**Problem to solve**
Copy the listing below in full and skip every picture.

(Source data)

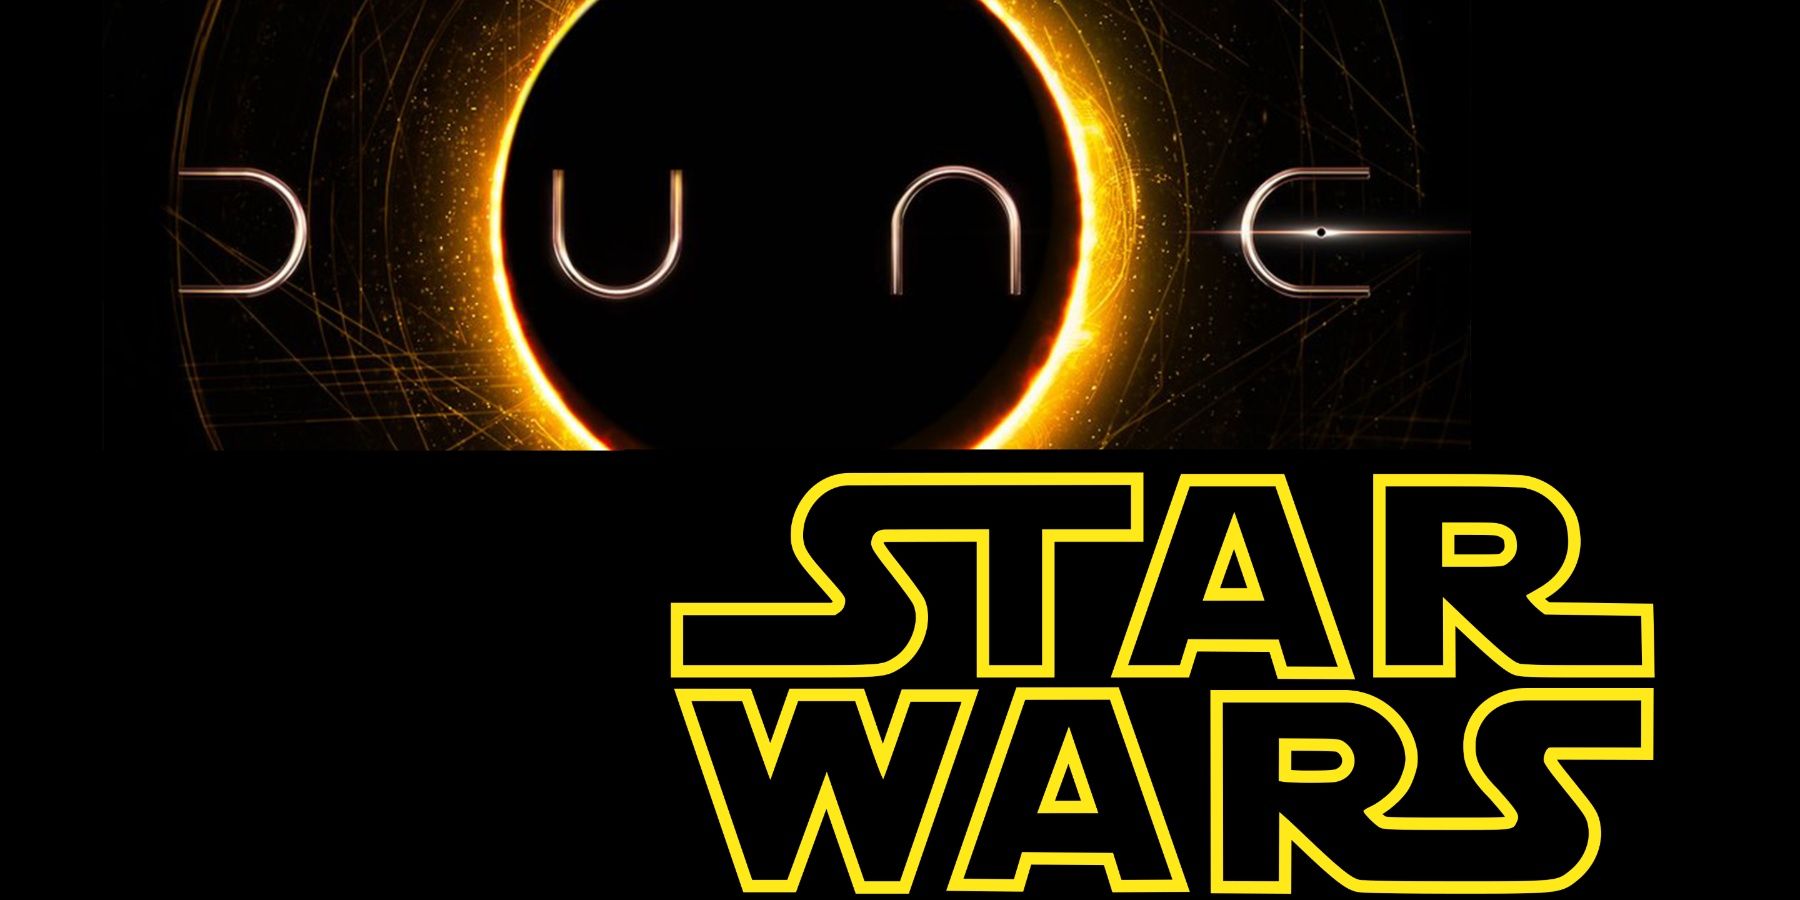 Ways Dune Influenced Star Wars
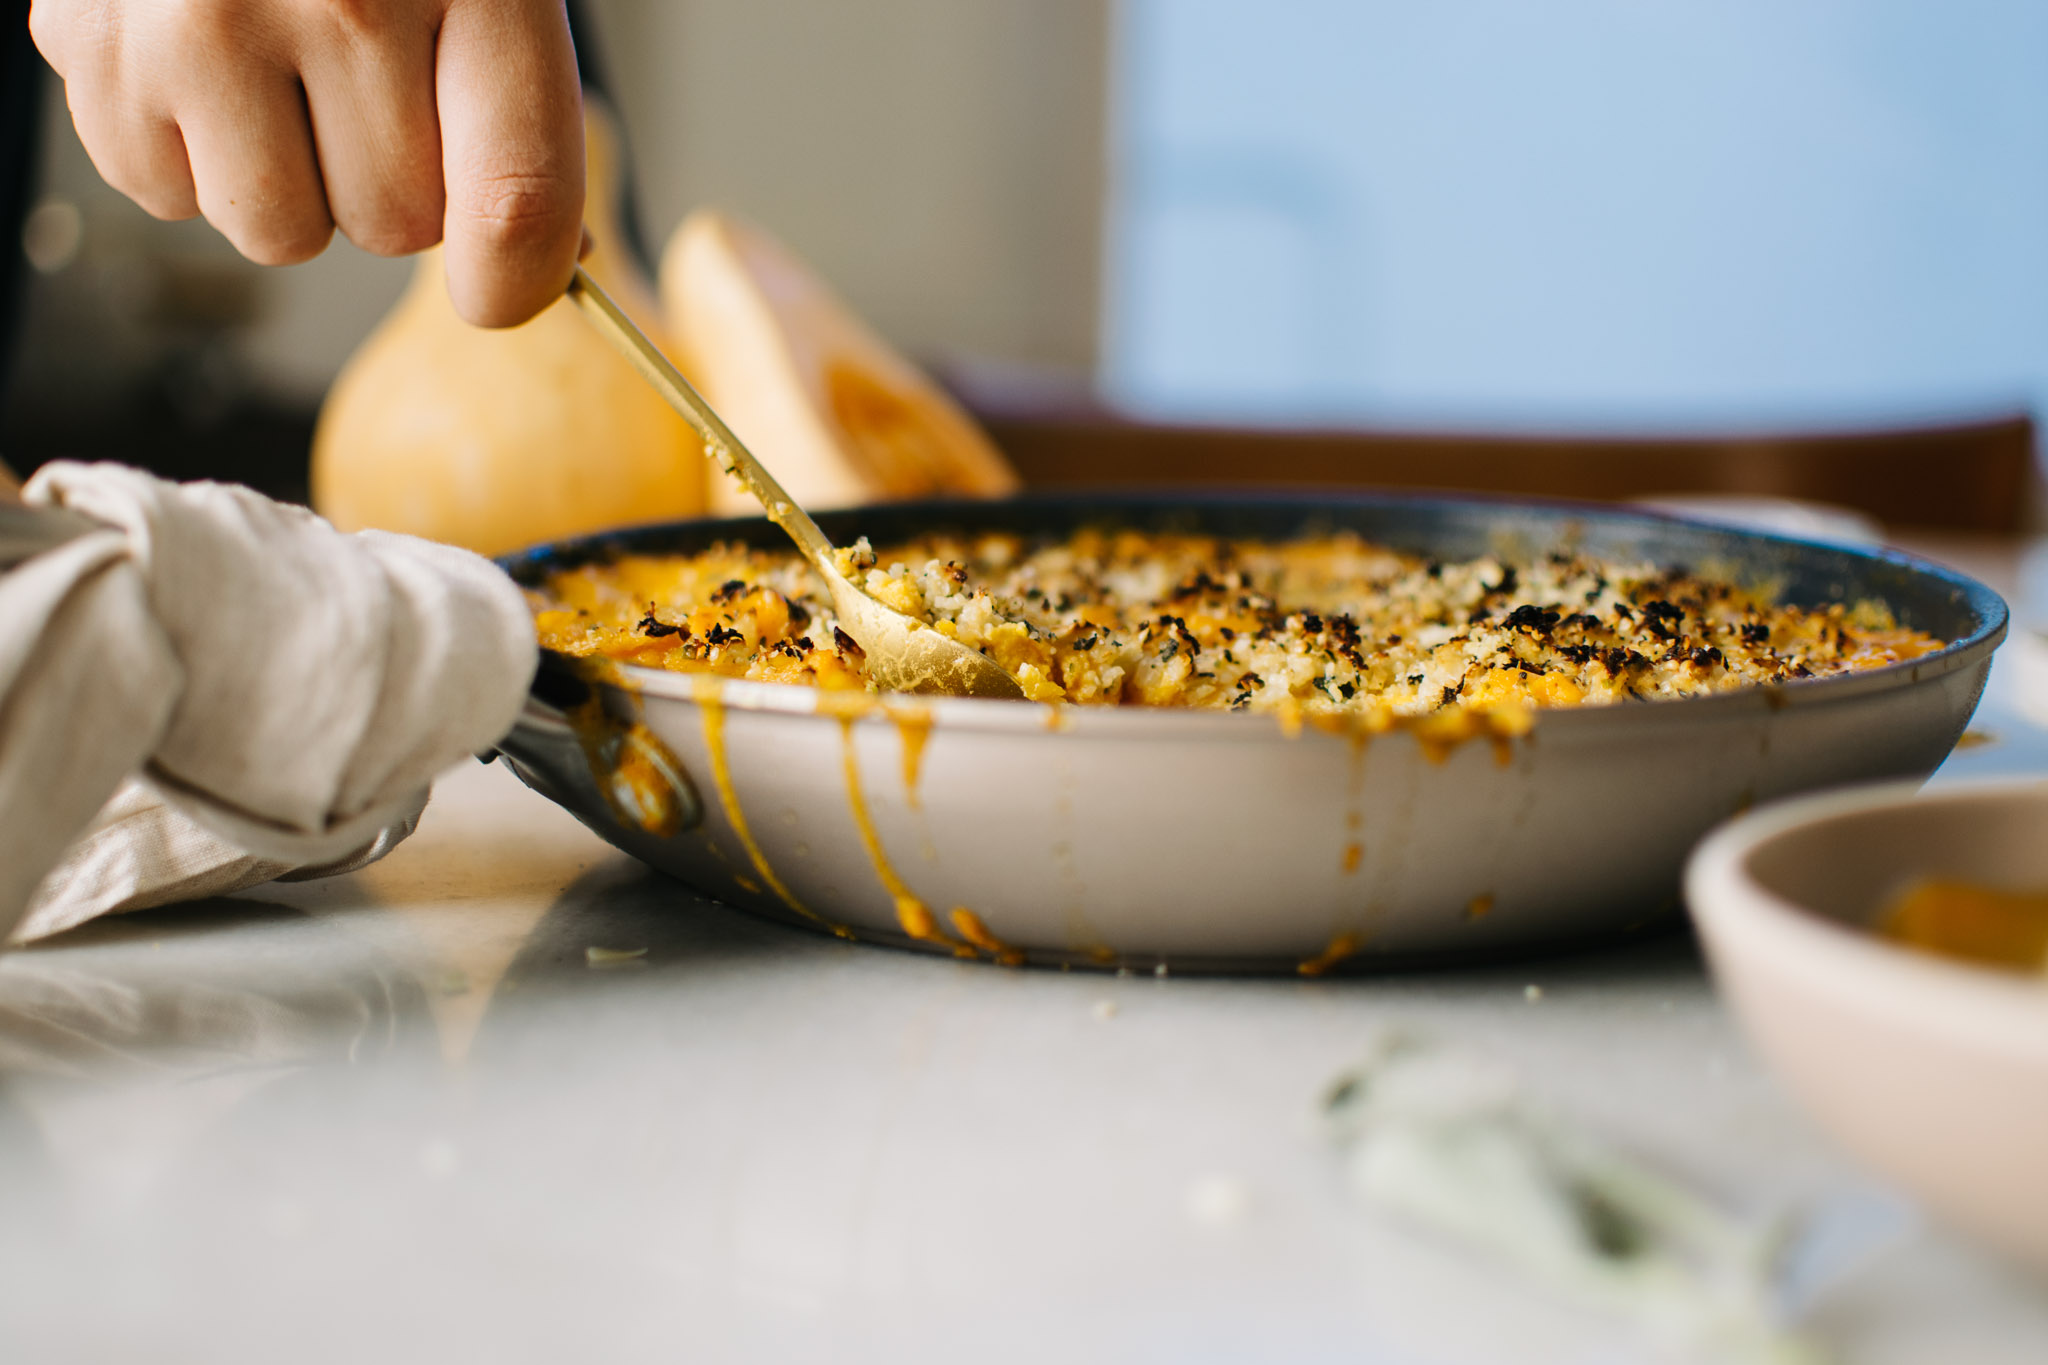 Cheesy Butternut Squash with Sage Cauliflower Breadcrumbs
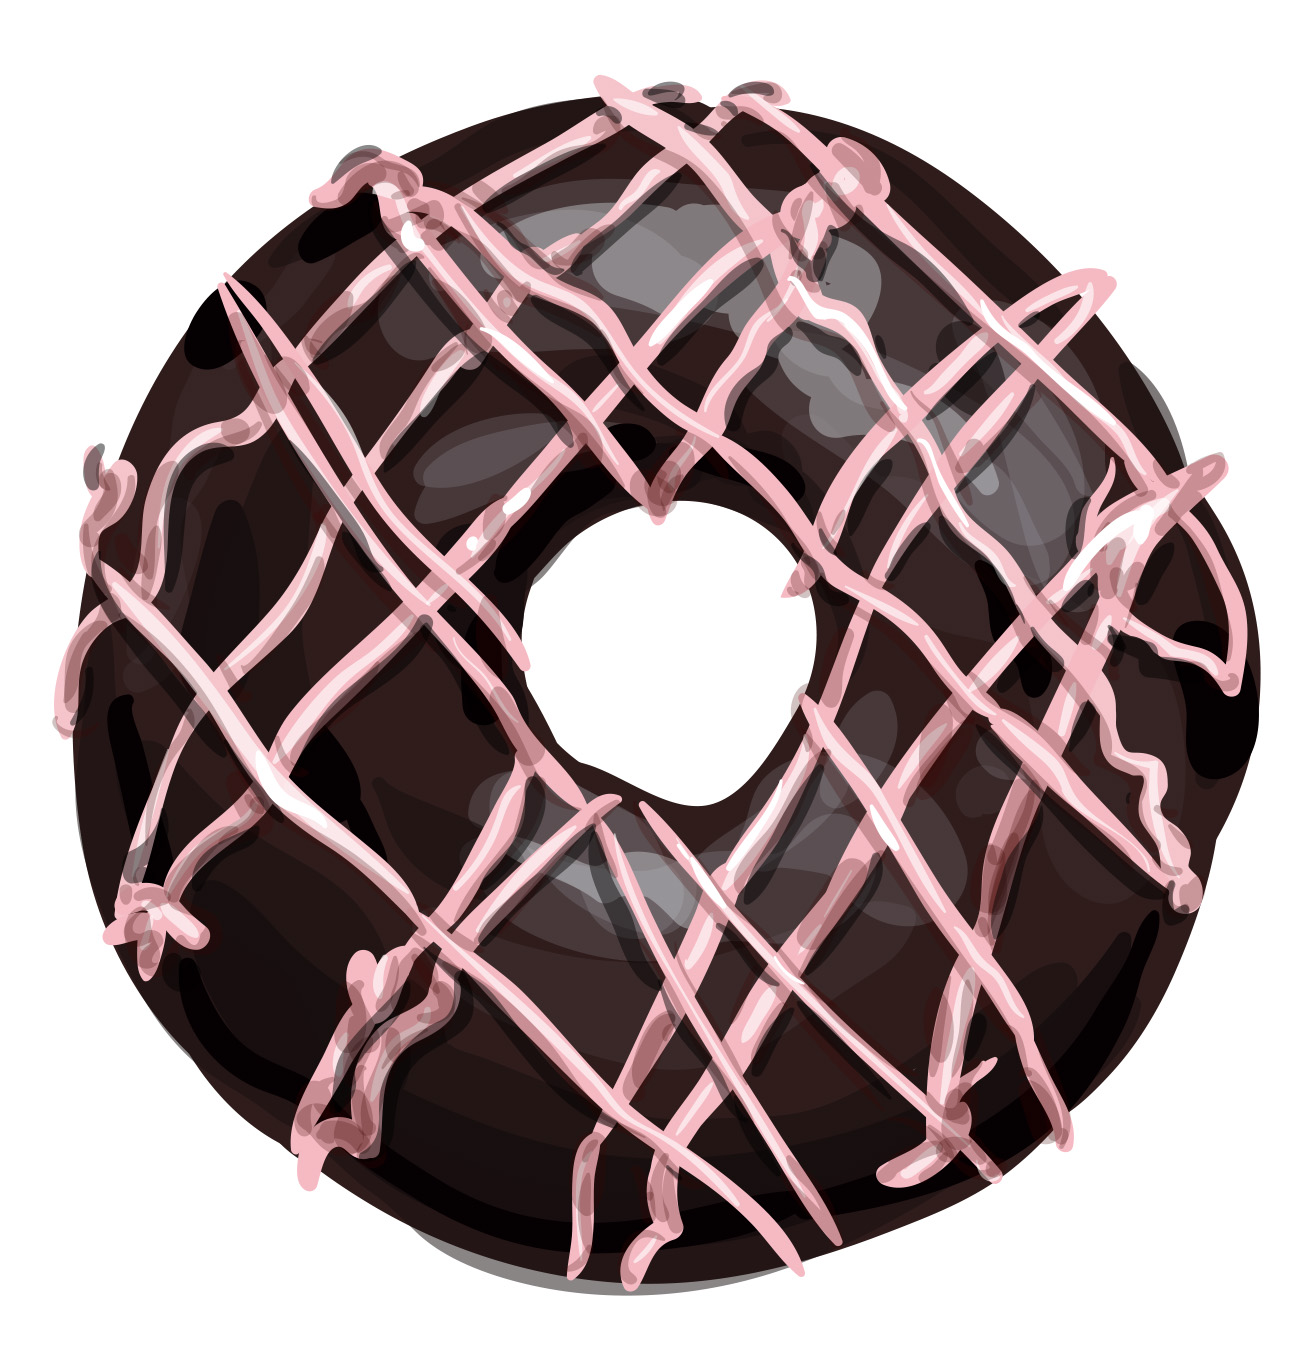 donut studio image

(End Source data)

**Result**
 Ways Dune Influenced Star Wars
 Cheesy Butternut Squash with Sage Cauliflower Breadcrumbs
 donut studio image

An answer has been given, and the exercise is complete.